**Source data:**
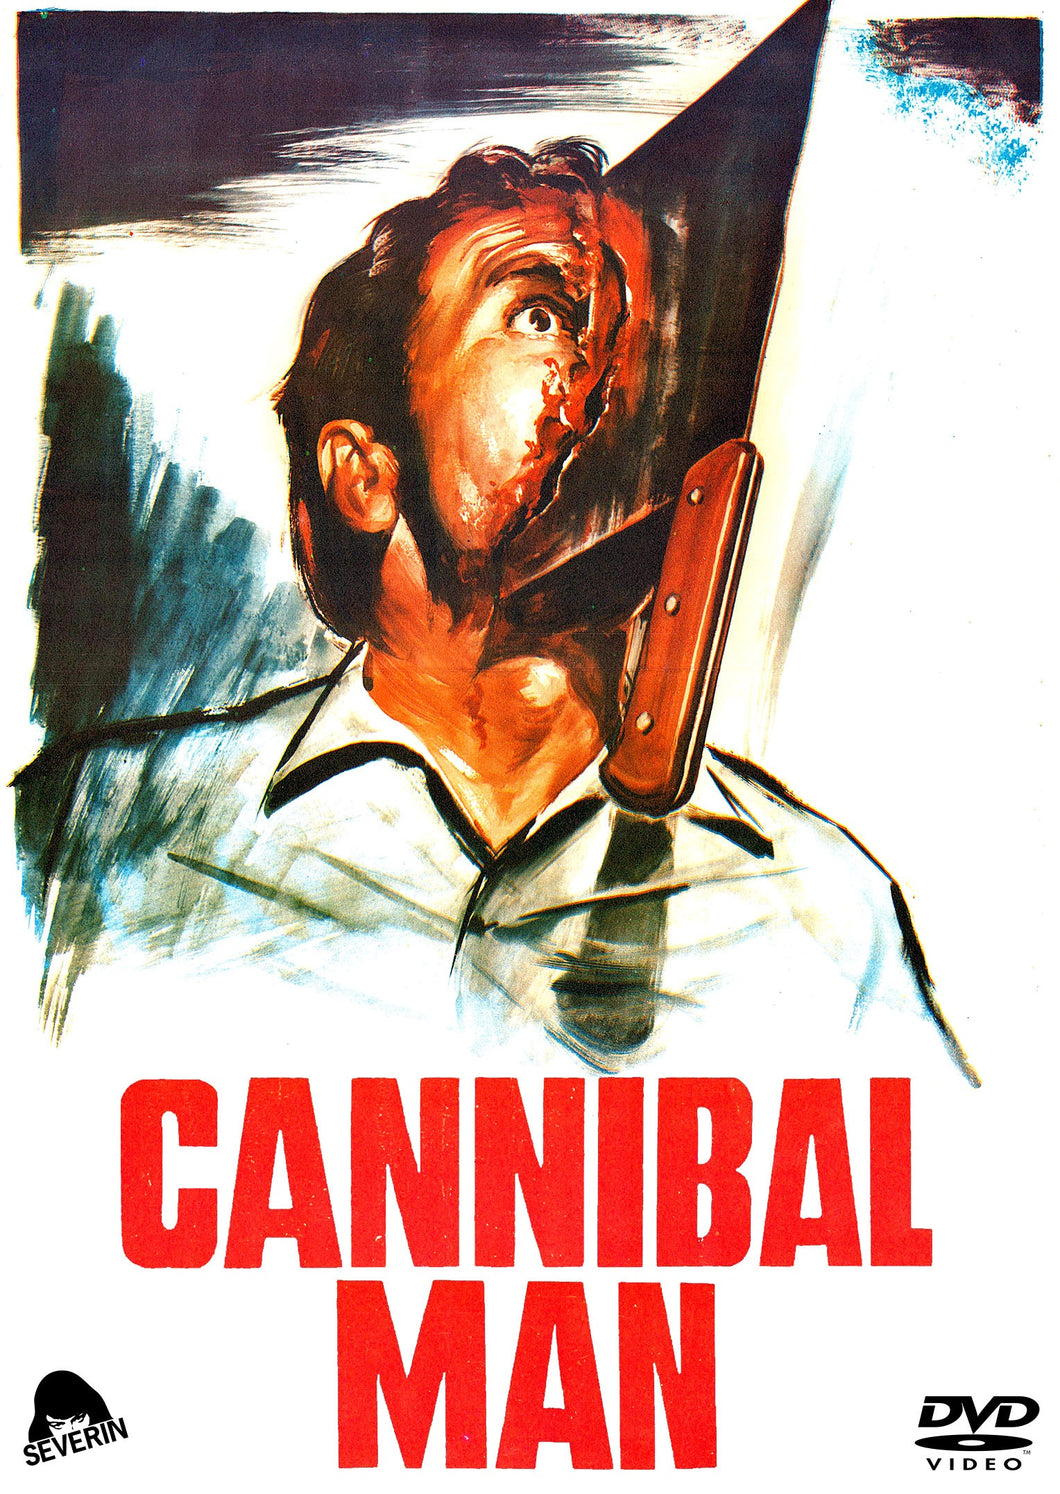 The Cannibal Man (DVD)
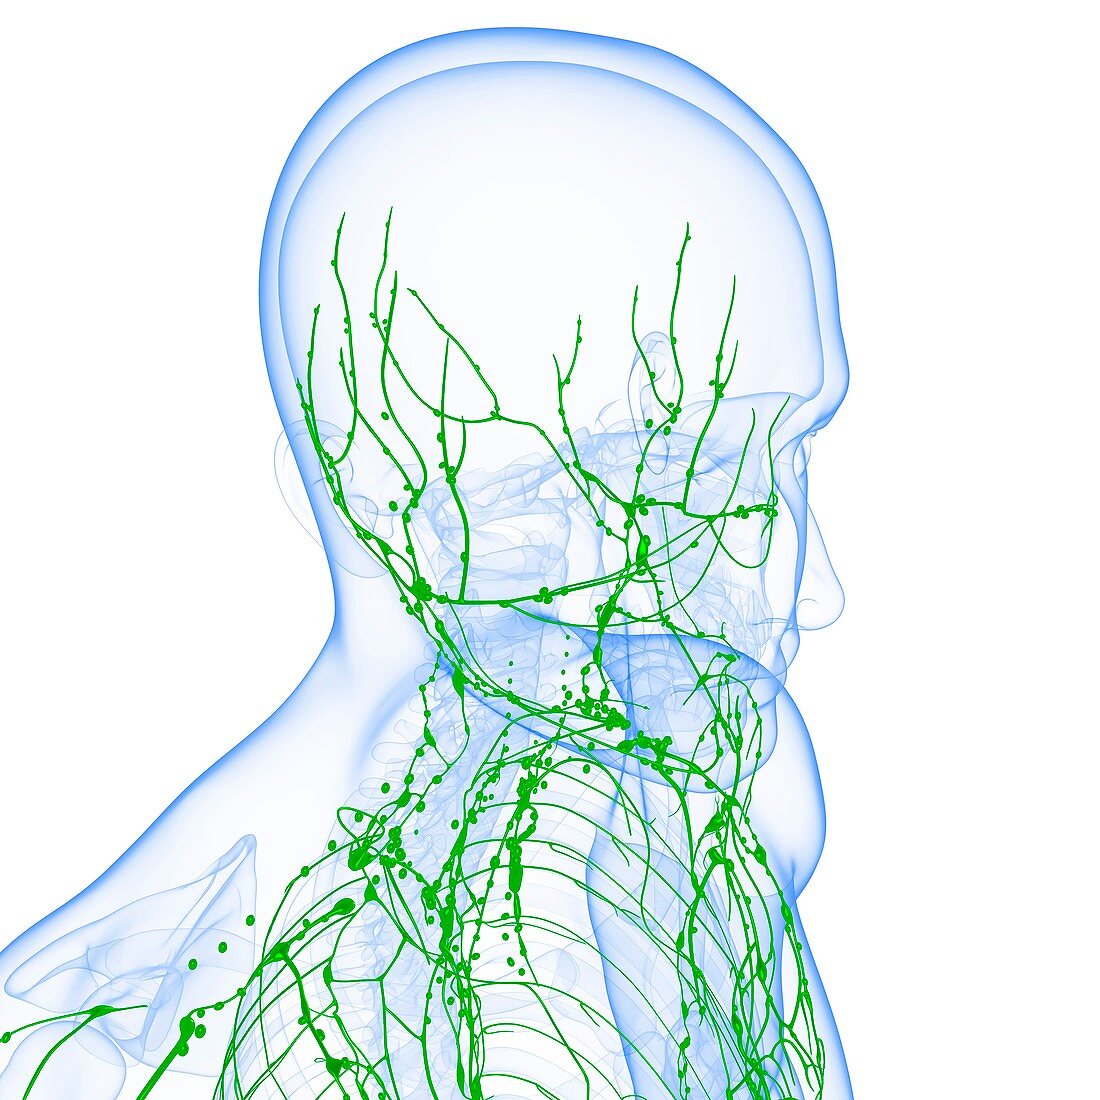 Male lymphatic system,artwork
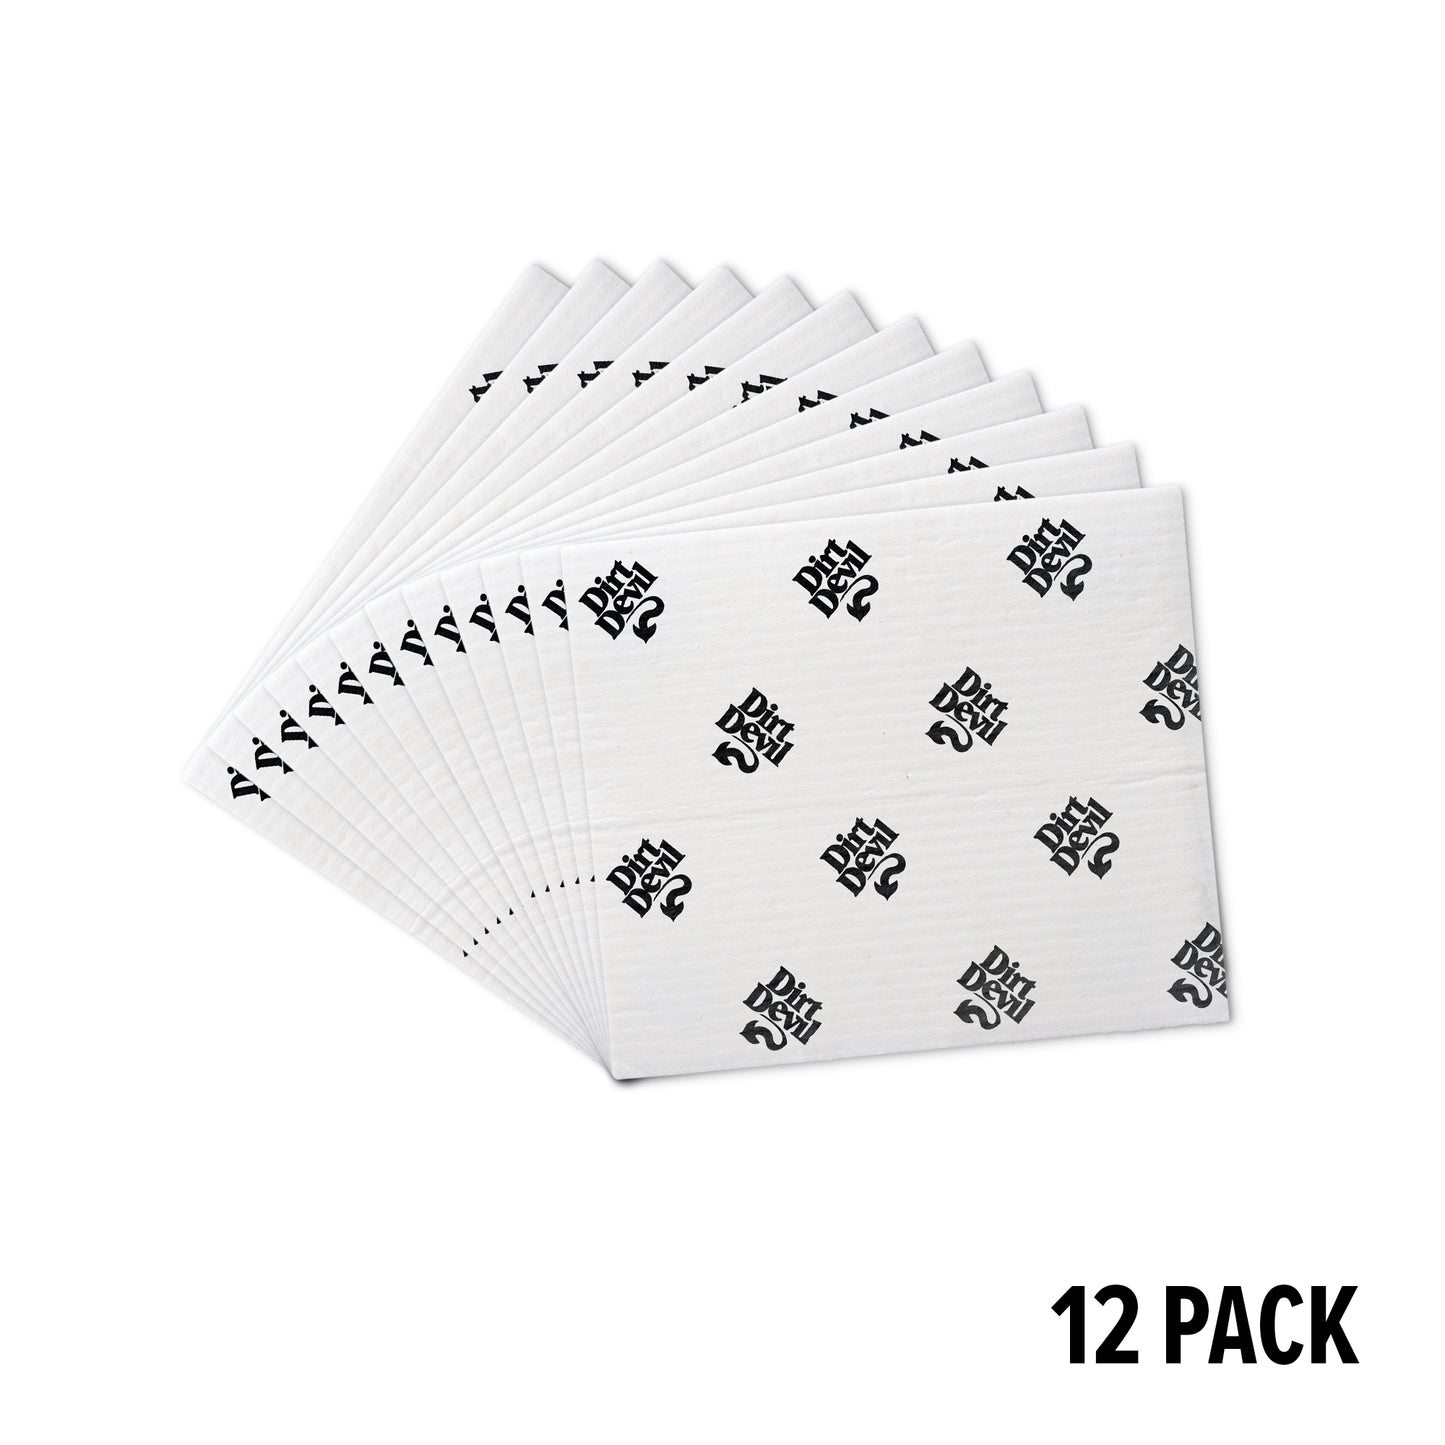 Reusable Paper Towel (12 Pack)

**Problem requirements:**
Print the listing exactly, images excluded.

**Output for this exercise:**
 The Cannibal Man (DVD)
 Male lymphatic system,artwork
 Reusable Paper Towel (12 Pack)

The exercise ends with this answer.